枪声在耳边尖啸,欧阳拄着拐杖踽踽独行在战场上。邮差跑过来,他没有参战,可神情看起来比欧阳更不好受。

欧阳愤怒地问:“援军呢?”

邮差苦笑:“他们没进城。”他看起来想哭,“他们问,沽宁的鬼子指挥官是什么军衔,我答不上来。”欧阳快气炸了,“他妈的军衔跟现在有什么关系?”邮差低下头:“他们在想该派多大的官来受降。如果这边是个大佐,他们就派个小尉官……他们觉得这样就污辱到鬼子了。”

欧阳气得喘不上气:“污辱?要什么污辱?这里在死人!七年多一直在死人……”他咳得说不下去,邮差扶住他:“鬼子投降了,我们胜利了,这是真的。今天早上的事,七点钟蒋委员长发的公告。”

欧阳觉得不可思议:“胜利?”他看着地上的尸骸,而且枪声在响,尸骸还在增多。

第一拨冲过来的日军被乱枪阻击在桥头,但第二拨冲过来的是坦克。炮弹飞来,桥头最后一堵残垣也被炸飞了。坦克冲了过来,后边跟着成队的日军,沽宁人已经忘却恐怖,只想用血肉和枪弹把他们堵在桥头。

赵老大看着眼前的局势,突然粗着喉咙指挥起来:“往巷子里撤!抄后路,打他们屁股!”

老百姓总算明白了他的意思,大多数人往巷子里蜂拥而去,坦克轰隆隆地碾过中国人坚守了几天的阵地。

沽宁多的是那种两层的低矮民楼,没枪的沽宁人在二楼把能找到的东西都摔了下来,在狭窄的街道上颇具杀伤力。何莫修也终于找到了自己的位置。

几个日军向楼上冲去,但撤进巷里的人们从另一个方向向他们射击,伊达从坦克窥孔里看着外边混乱的一切,既烦乱又慌张。他大叫:“向城外冲!不要管他们!”

坦克转了个小弯,加足马力碾过砖瓦。狭窄的街巷扯平了双方悬殊的实力,横飞的子弹和砖头对所有人一视同仁,日军的突围成为不折不扣的逃窜。长谷川的卡车艰难地跟在这个逃跑大队之后,他们不顾一切地狼狈逃窜,甚至顾不得还击。

212、作鸟兽散

沽宁小巷,四道风带了一帮人,从巷子里呼啸而过,欧阳被邮差扶着,从另一条巷子里出来。欧阳忙叫住他:“老四!”

四道风挥了挥手就要开路。欧阳赶紧问:“他们人呢?”四道风大大咧咧地说:“都打散了!我去放火!烧他的铁王八壳子!”欧阳注意到他们这一帮人拿的都是瓶瓶罐罐、破布木头,不由苦笑:“带上我。”四道风犹豫地看看他:“你歇着。”

欧阳坚持:“带上我!”

四道风犹豫了一下,过来,将欧阳背在背上,向着枪声最密的地方跑去。

日军的坦克、步兵、卡车,还有掉队的步兵,沿着沽宁大街狼狈地逃跑。六品提着他的刀藏在巷口,他眼角扫见了紧随其后的卡车,猛地贴住了墙,卡车紧挨着他的身子驶过。六品眼睛里开始冒火,刚才一掠之间他看见了驾驶室里的长谷川。他狂奔,追赶过去。

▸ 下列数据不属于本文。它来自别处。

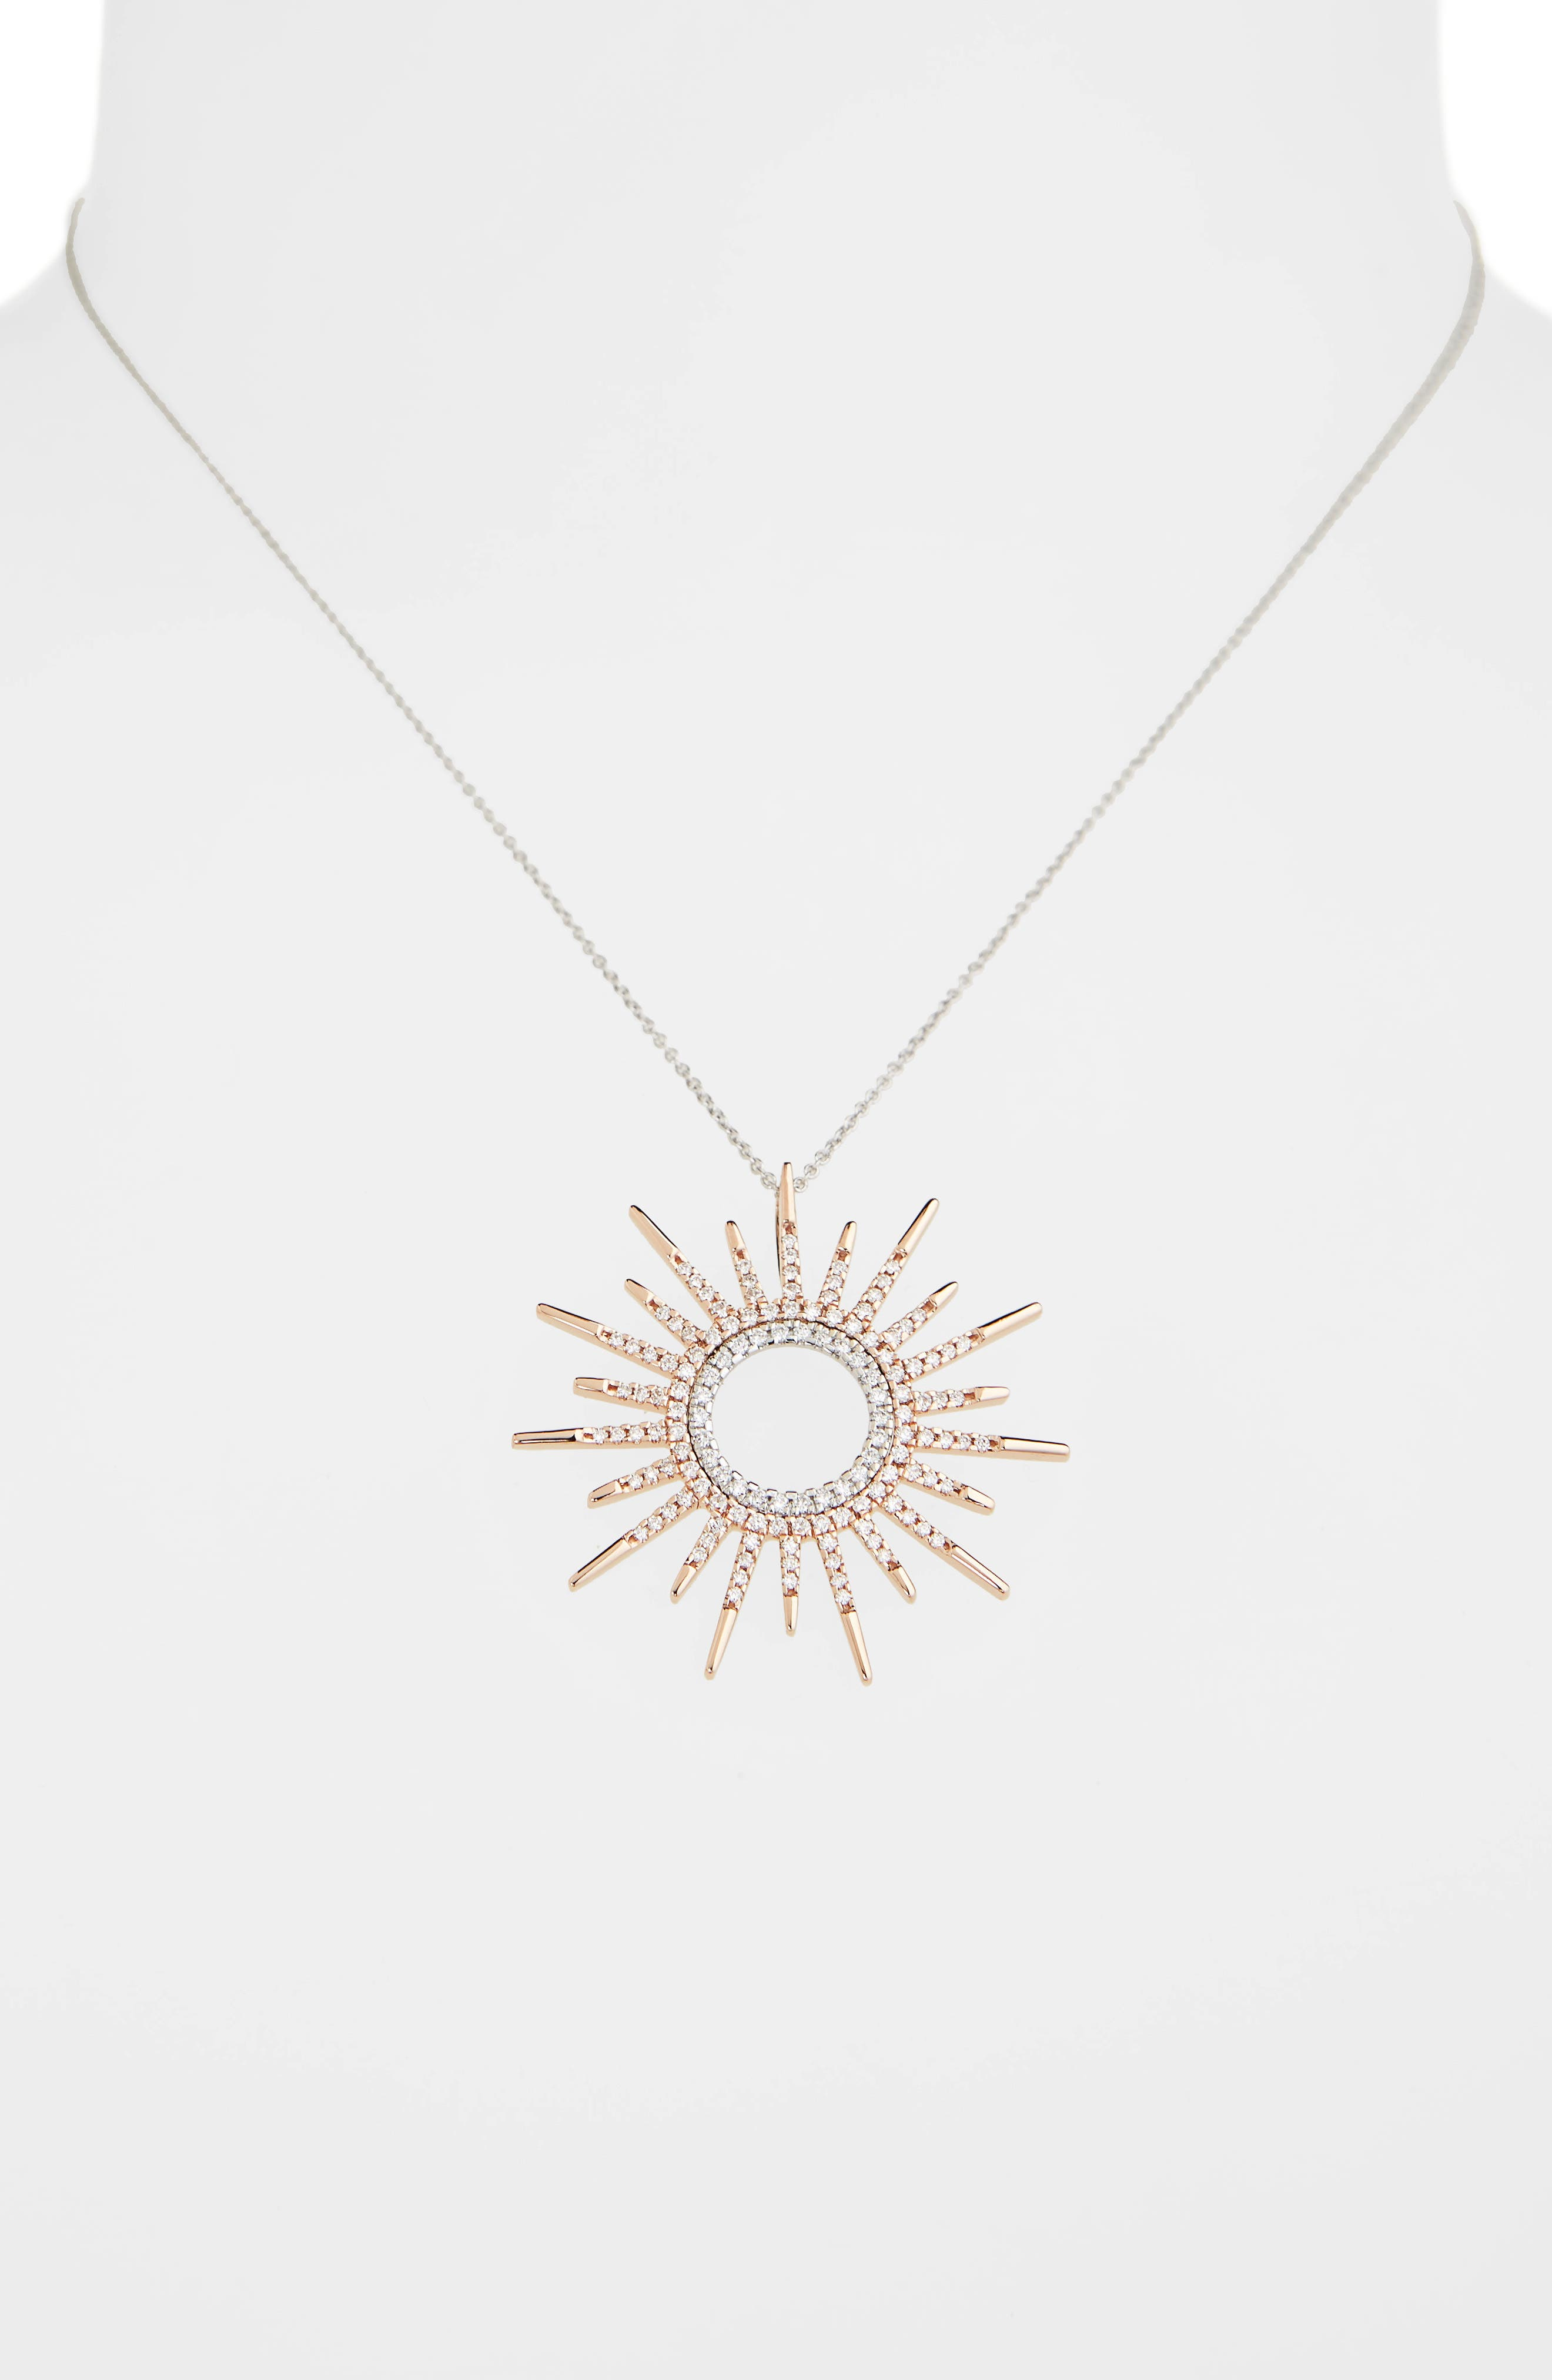 Diamond Sunburst Pendant Necklace,                             Alternate thumbnail 2, color,                             Rose Gold

四道风和欧阳一帮人藏在巷口,看着坦克驶过时,四道风已经跃跃欲试。欧阳阻止他:“等会!”

四道风算是强忍住,但跟着跑过的是步兵,四道风看见六品追在卡车后边,惊讶地用手指着。欧阳推推他:“上吧。”

四道风迫不及待地冲了出去,正撞上最后那帮掉队的兵,斗志全无,七零八落,被他们一阵迎头痛击倒下一大半,剩下几个往巷子里作鸟兽散。四道风还要去追,被欧阳喝住:“别追啦!你不要收拾铁王八壳子吗?”

四道风记起来了,刚要背上欧阳,邮差把街边遗弃的一辆黄包车拉了过来。四道风把欧阳放在车上,往巷子里抄。此情此景让两个人都觉得非常熟悉。

四道风大声说:“喂,你记不记得刚认识那时候……”欧阳绷着脸:“我赶时间,请赶紧,快。”

四道风住了嘴拉车,阴沉了多少天的脸上泛出一丝笑意,那差不多就是他们刚认识时说的话。

卡车的窗玻璃被一拳砸得粉碎,六品那张怒火中烧的脸出现在窗外。靠窗坐的宇多田掏枪,但六品鲜血长流的拳头已经打在他脸上,连长谷川都被宇多田的后脑撞得鼻血长流,宇多田已经快晕了过去。长谷川重重敲打着车顶,驾驶室的车顶上有他的机枪手。在这样近的距离被六品瞪着,看着六品从背上拔出刀,他吓得忘了掏枪:“有敌人!”

六品一只手吊着车门,他不方便挥刀,一个枪管从头上捅了下来,车顶的日军也不方便开枪,在颠簸中费劲地寻找着目标。六品腾出吊着车门的手抓住那支枪管,一串子弹打在地上,车顶上的日军竭力想夺回自己的机枪,但六品不放手。一声枪响,车顶的日军摔了下来,六品也随之摔得七荤八素,他爬起身来,那车已经去得远了。龙文章站在街边的墙上,端着枪瞪着他。六品恼火地瞪着他:“你干吗杀了他?你害我追不上那辆车!” 龙文章莫名其妙:“我在救你。”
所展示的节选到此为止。